Donc, je dirais un type d’embarras, dont, je dirais que la meilleure représentation qui puisse à ce moment-là venir à l’esprit, pour figurer ce qui là se passe, est celle de la chimère, la figure de la chimère, voire de la sphinge. C'est-à-dire, justement celle qui pose les énigmes, avec une tête humaine et puis un corps qui, dans la mesure où comme nous venons, comme je viens d’essayer de le rappeler, ne peut être conceptualisé puisqu’il déborde le concept, un corps qui du même coup n’a d’autre représentation qu’animale.

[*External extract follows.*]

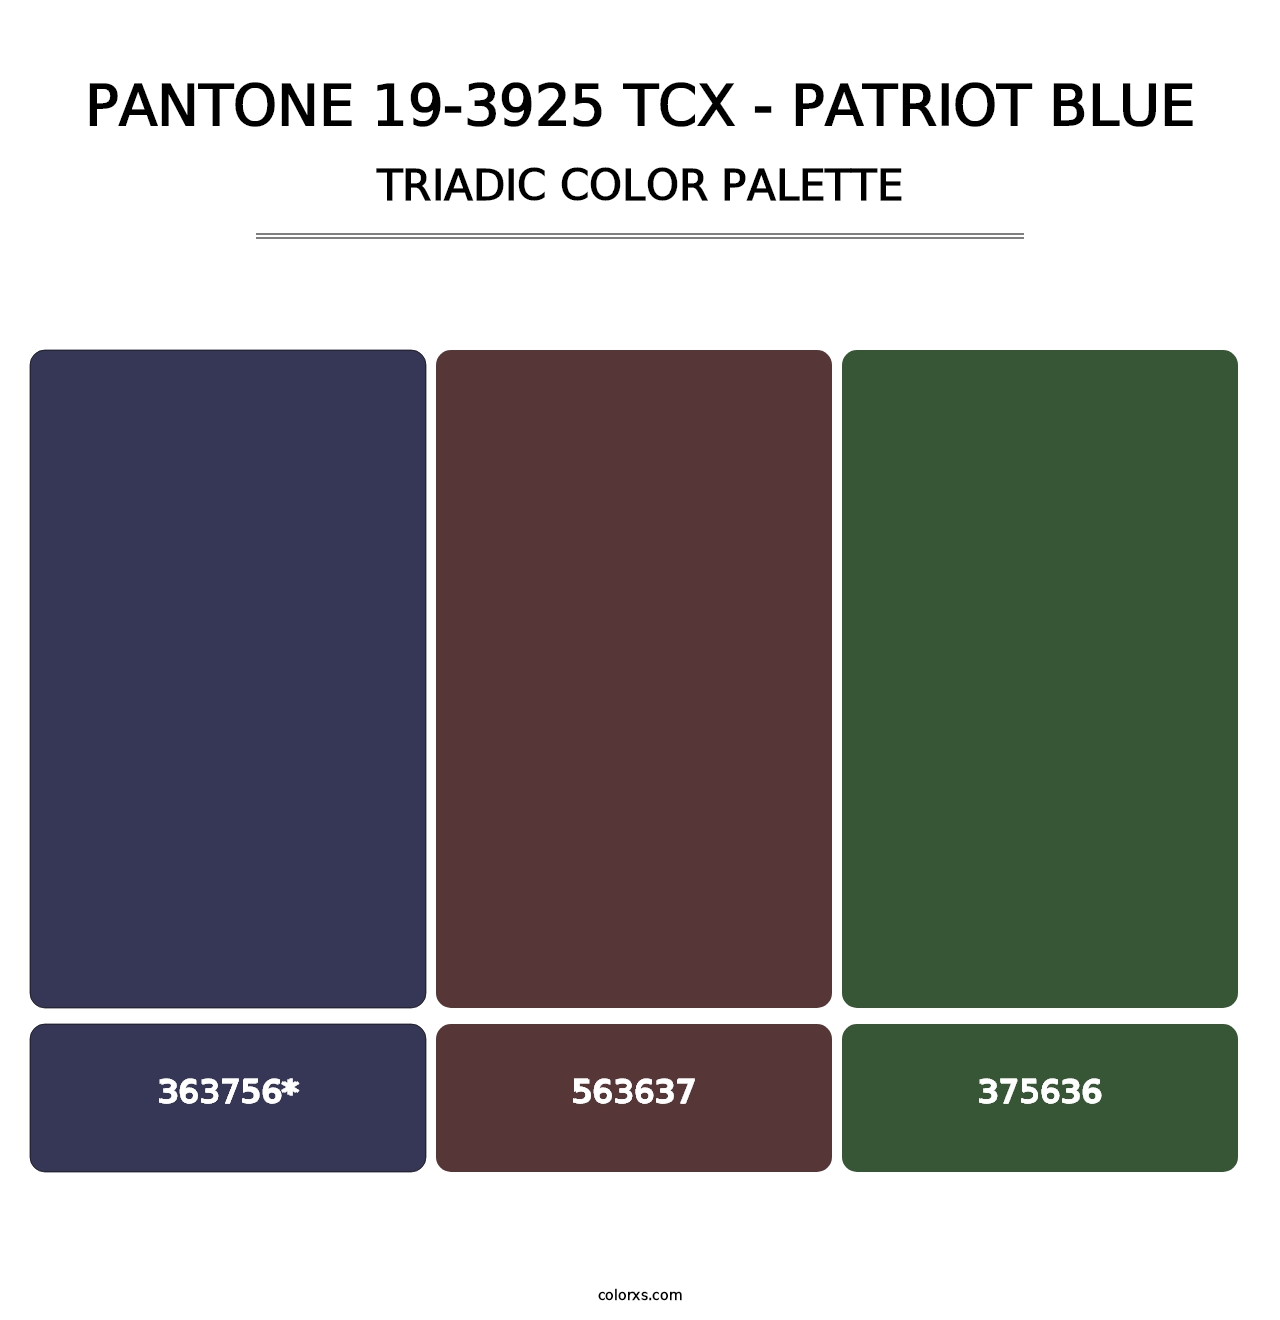 PANTONE 19-3925 TCX - Patriot Blue - Triadic Color Palette

Et, je pense qu’en vous rappelant, qu’en vous présentant de la sorte ces questions, je suis d’emblée avec vous, avec nous, dans le champ de la psychopathologie ordinaire, c'est-à-dire les modalités de la souffrance qui est commune, ordinaire, qui est celle du passage, on a pourtant envie de dire, obligé, pour, je dirais, avoir le droit d’exercice.

Je vous ai donc, jusqu’ici, parlé du corps féminin, je vous ai parlé de la menstruation, je vous ai parlé des caractères sexuels secondaires, il est bien évident que, on ne peut pas non plus négliger ce fait, qu’il semblera toujours, bien entendu, à cette enfant, que justement le problème c’est qu’il lui manque l’insigne, l’insigne qui fait que le petit frère ou que le copain, lui, il est de plein droit dans le champ de la réalité, dans le champ de la représentation, qu’il y est chez lui, alors qu’elle-même y est toujours d’une certaine manière en position de hôte, avec un h, qui a à se faire accepter ou bien qui se met en position de refuser, de dire : « je n’en veux pas ! ». Et vous voyez tout de suite, par ce type de rappel, combien –  mais ça viendra en son temps, il y aurait à parler, mais ça viendra en son temps, il ne faut pas se précipiter, on ne peut pas tout aborder, hein ! – Combien il y aurait à parler, évidemment, de la grande modalité contemporaine qu’ont les jeunes filles, d’essayer de résoudre ce problème et qui est l’anorexie ; ou bien encore, ce qui se passe quand vous voyez arriver à votre consultation, une jeune fille parfaitement harmonieuse de proportions et qui va se plaindre, expliquer qu’elle ne supporte pas d’être grosse, que c’est intolérable.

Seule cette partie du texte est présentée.